# nVidia's new Gods : Geforce 8900 GTX 8950 GX2



## hemants (Nov 20, 2005)

so now the thing is......all the sites tht report the existance of the above mentioned graphics cards hav said that the prices of the existing 8800 series is goin to fall (by more than 100$).

i wud like to knw how long do i have to wait for these cards to come?

the reported cost of the 8900 GTX is 550$ , considering tht the 8800 GTX is available for tht much right now (n i am plannin to buy tht)..it wud definately be worth the wait

please, if anyone has any clue of their arrival, do let me know

thnkyu soo much


----------



## MunkyPhil (Apr 7, 2006)

Hi hemants,

Just a word of warning, I don't think your power supply will be able to deal with the 8800GTX. Do some searching around and you'll find the rated wattage for that card or post in the RAM and PSU forum for opinions.


----------



## hemants (Nov 20, 2005)

uhh...how do u know what power supply ill be using when i buy geforce 8800gtx??


----------



## ebackhus (Apr 21, 2005)

90% of the staff at TSF is also imbued with psychic powers. I don't even think my PSU would handle an 8800GTX.


----------



## hemants (Nov 20, 2005)

umm..okay...

ive alrdy had dsicussions in various forums regardin the powersupply i should go for...so dont worry about tht

please can yu answer my question that has been posted here n not things regardin the power suply of the gtx??


----------



## FreoHeaveho (Aug 22, 2006)

Hi Hemants, basically you are asking us to guess what the IT market is going to sell 'new' cards for. ATI may bring out a show stealer for cheaper, or the 8900 may be junk. Either way its like looking into a crystal ball. All the above cards you refer to will blast through anything your system can handle. 

What we can say (without guessing though), is that with your current OS (XP) and PSU (450W) you will not be able to utilise the DirectX 10 aspects of either card. So as you are on a tech support forum, the tech support we can give is that your guess is as good as anyone's in terms of pricing, and you definately need a better PSU and Windows Vista to get any benefit from either card. Ok, cool.

Let us know how you go!


----------



## hemants (Nov 20, 2005)

umm...it seems quite obvious that the configuration i have mentioned under "My System" is quite old, atleast for a person who is "into tech" can make out the same. 

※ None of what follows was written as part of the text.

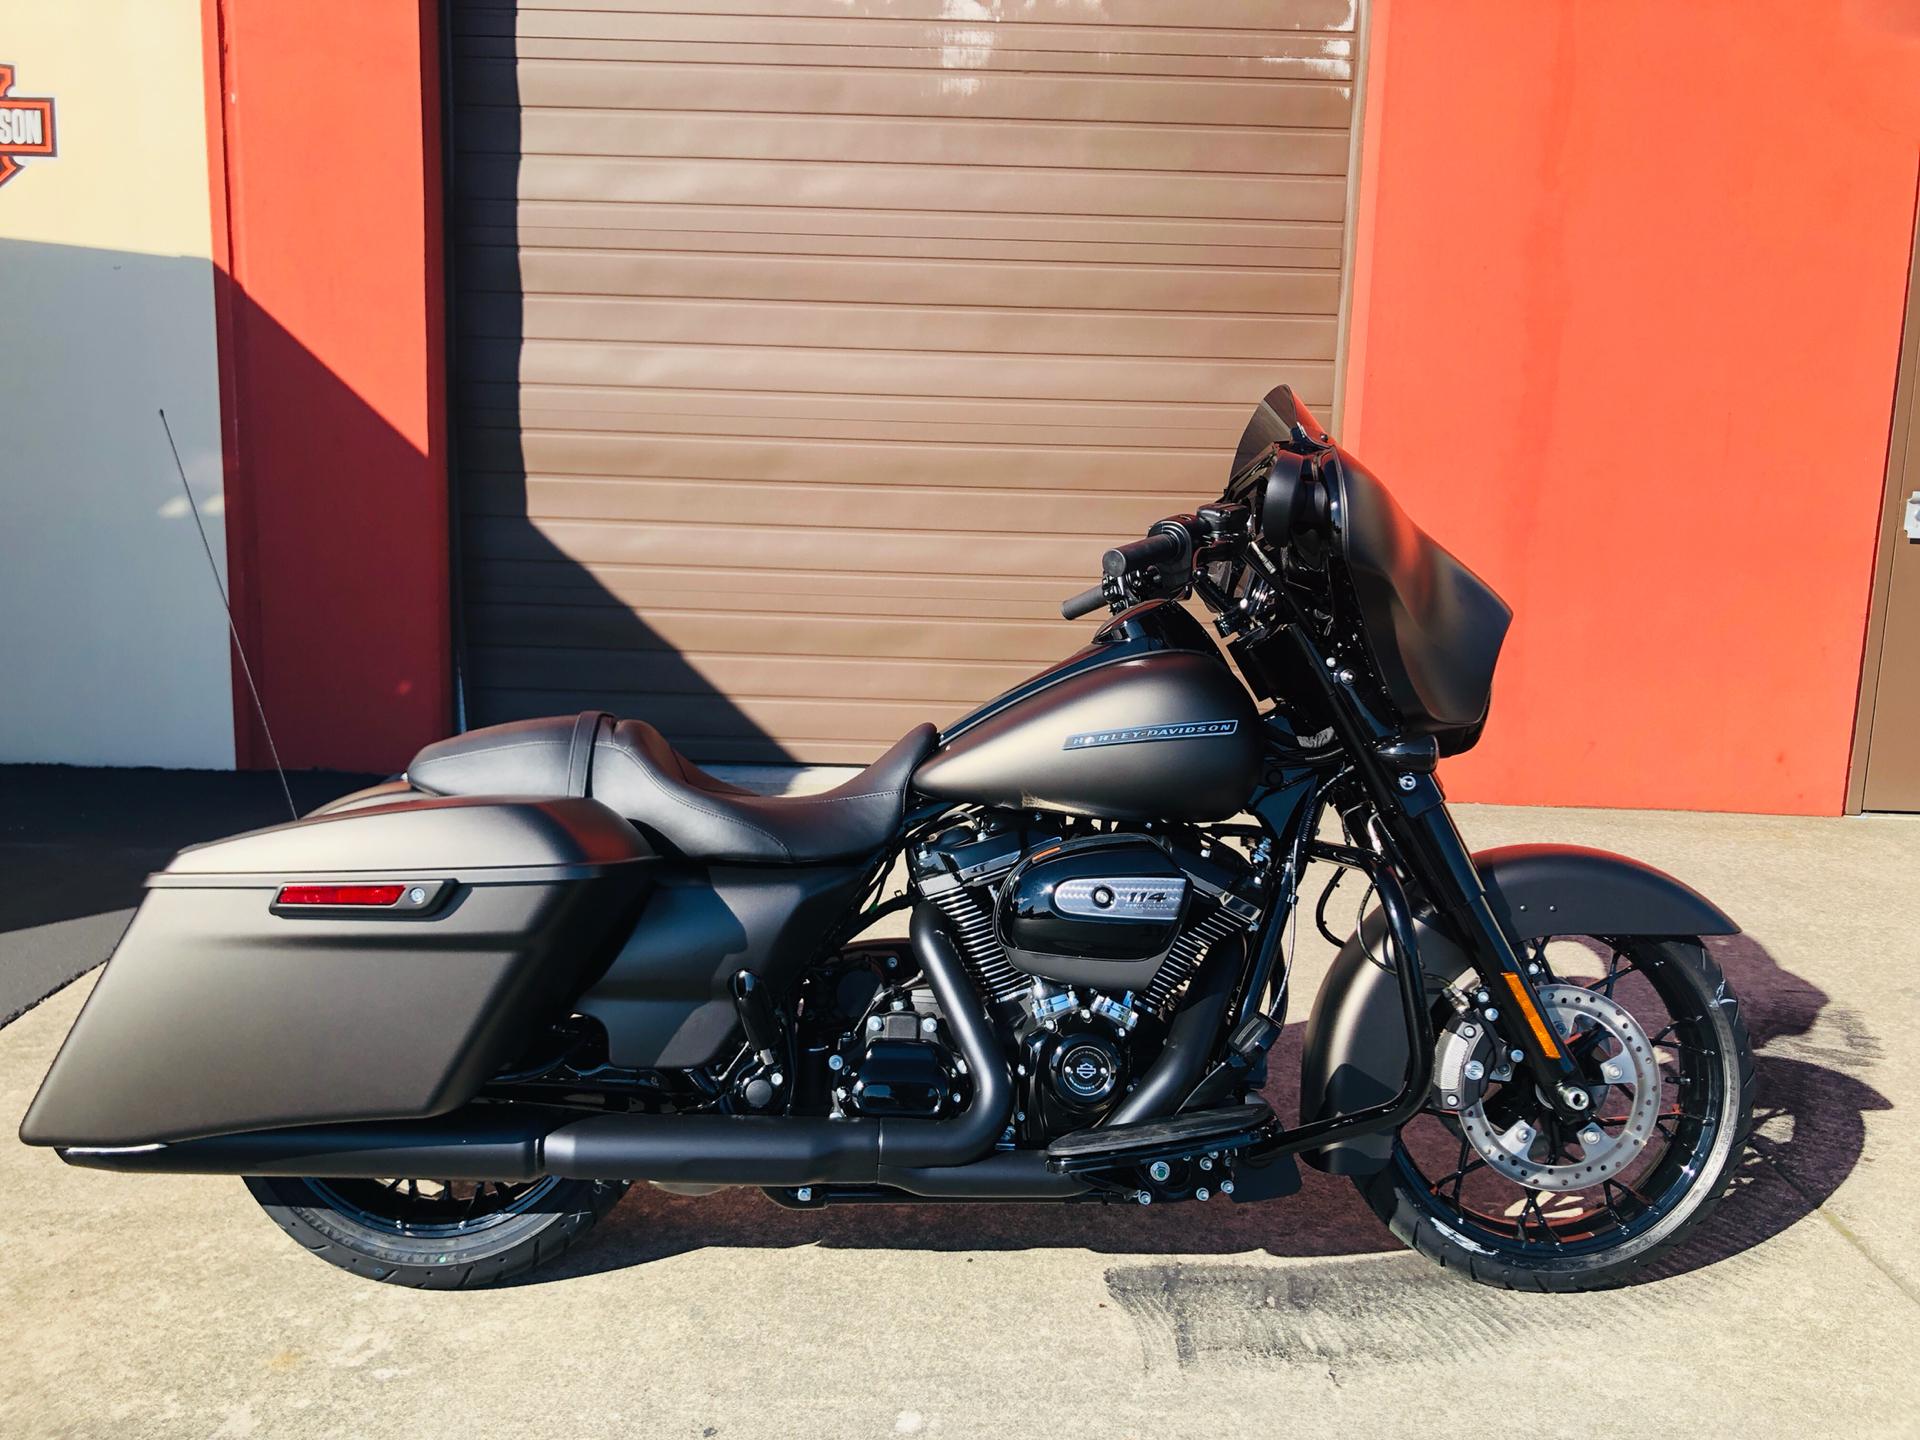 2020 Harley Davidson Street Glide Special In Burlington Washington

Infact its pretty clear from my question itself that if im consdering to buy any one of those graphics cards, im not new to all this and that im looking forward to building an enthusiasts machine..

Please do look at some of my other posts in other forums to know what configuration ill be goin for with what powersupply, its the leest yu can do before telling me useless things like what my current system is incapable of.

Anyways, it’s sad that no one has been able to even read my question properly and has just gone ahead and posted things that are completely inappropriate.

“…basically you are asking us to guess what the IT market is going to sell 'new' cards for…"

Uhhh ... no I'm not!

I'm asking if anyone has any idea about their arrivals...guessing you guys are competent enough to know all this, I put up my query, but now I know that’s not the case.

“…ATI may bring out a show stealer for cheaper….”

Well the official specs are already out, been there long time and its for sure that the ATI’s card is a going to be a show stealer but is it all worth it? All the “rumours” say that it’s going to be way more expensive than its competitors.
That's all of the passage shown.